我正在从单个价格向量计算每小时平均价格。我想将此小时值与平均每日价值进行比较 - 并删除每日平均值超过2倍的所有值。我没有问题计算不同的值,但我不知道如何将每小时值与每日值进行比较?
快速数据示例:
df <- data.frame(dates = rep(seq(from = as.POSIXct("2013-01-01 00:00:00", tz = "UTC"),
to = as.POSIXct("2013-01-30 23:00:00", tz = "UTC"), by = "hour" ), 12),
price = runif(8640, min = -25, max = 225) )
require(dplyr)
results <- group_by(df, dates)
results <- summarise(results,
average = mean(price))
day_results <- mutate(df, days = format(df$dates, "%Y-%m-%d"))
day_results <- group_by(day_results, days)
day_results <- summarise(day_results,
average_d = mean(price))
我很遗憾如何将average的24个值与average_d的单个每日值进行比较。
我想清楚自己要做什么吗?
答案 0 :(得分:2)
这很简单:
> df %>% group_by(dates) %>% filter(price>2*mean(price))

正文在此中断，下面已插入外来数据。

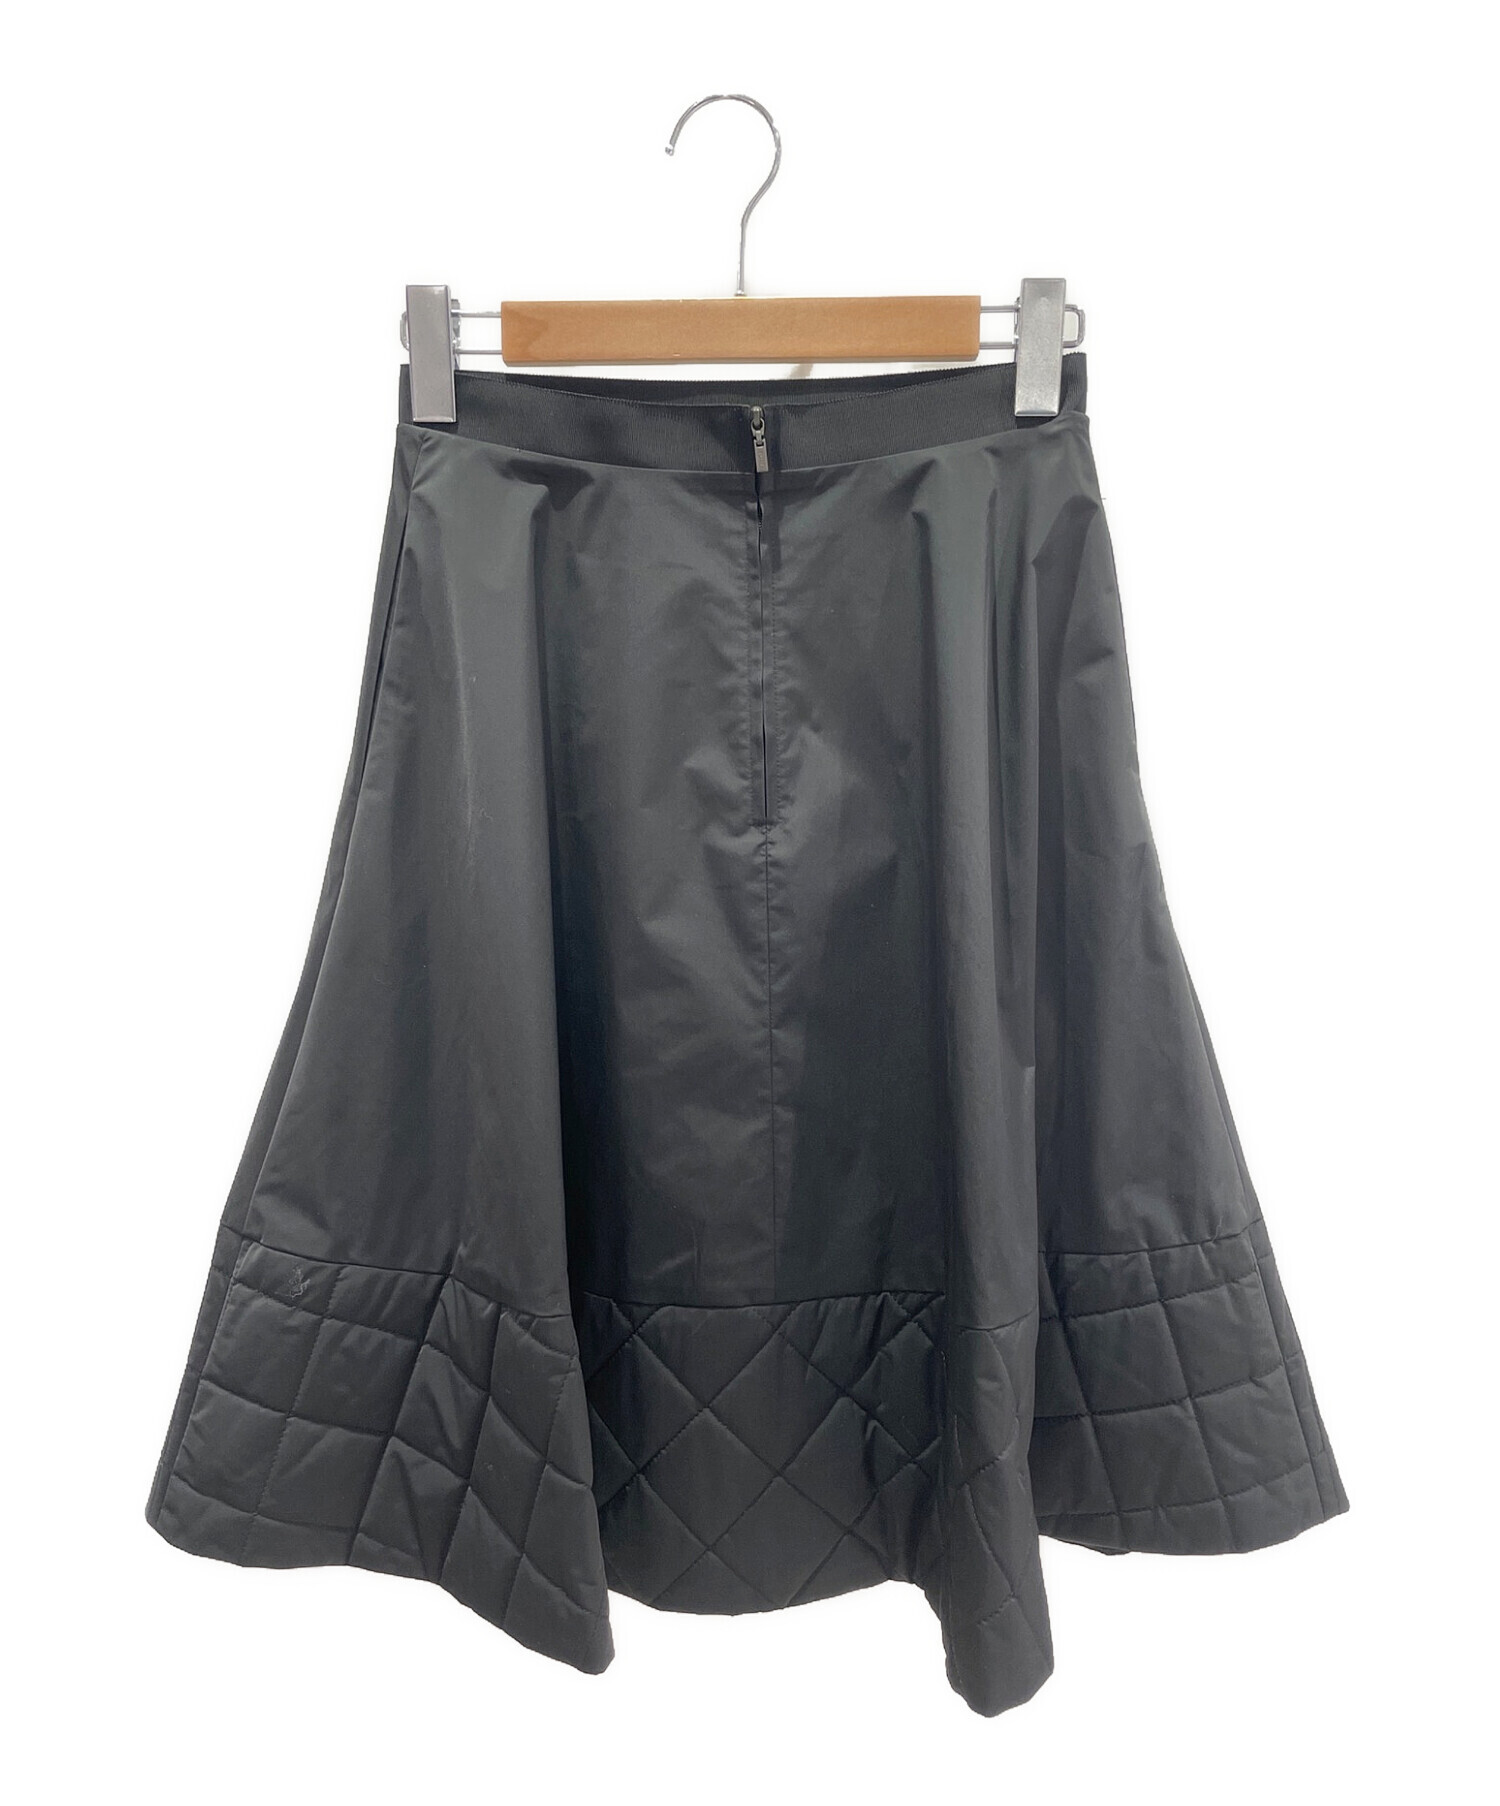 FOXEY NEWYORK (フォクシーニューヨーク) フレア裾キルティングスカート ブラック サイズ:38

Source: local data frame [811 x 2]
Groups: dates
dates price
1 2013-01-01 02:00:00 182.4726
2 2013-01-01 07:00:00 155.5009
3 2013-01-01 20:00:00 139.6948
4 2013-01-01 22:00:00 132.3332
5 2013-01-02 06:00:00 222.0633
6 2013-01-03 01:00:00 217.6383
7 2013-01-03 15:00:00 224.7268
8 2013-01-03 18:00:00 215.8826
即按日期对数据进行分组,然后仅筛选价格超过该组平均值两倍的那些数据?或者如果您想在输出中保持平均价格,请执行:
> df %>% group_by(dates) %>% mutate(average=mean(price)) %>% filter(price > 2*average) %>% arrange(dates)
Source: local data frame [811 x 3]
Groups: dates
dates price average
1 2013-01-01 00:00:00 140.5748 70.12211
2 2013-01-01 00:00:00 201.6484 70.12211
3 2013-01-01 01:00:00 223.9240 89.91996
4 2013-01-01 01:00:00 196.5975 89.91996
5 2013-01-01 01:00:00 203.6165 89.91996
6 2013-01-01 02:00:00 182.4726 70.85858
7 2013-01-01 02:00:00 193.0930 70.85858
8 2013-01-01 02:00:00 177.7848 70.85858
9 2013-01-01 03:00:00 202.9842 92.84580
10 2013-01-01 03:00:00 217.1840 92.84580
它还使用arrange按日期排序输出。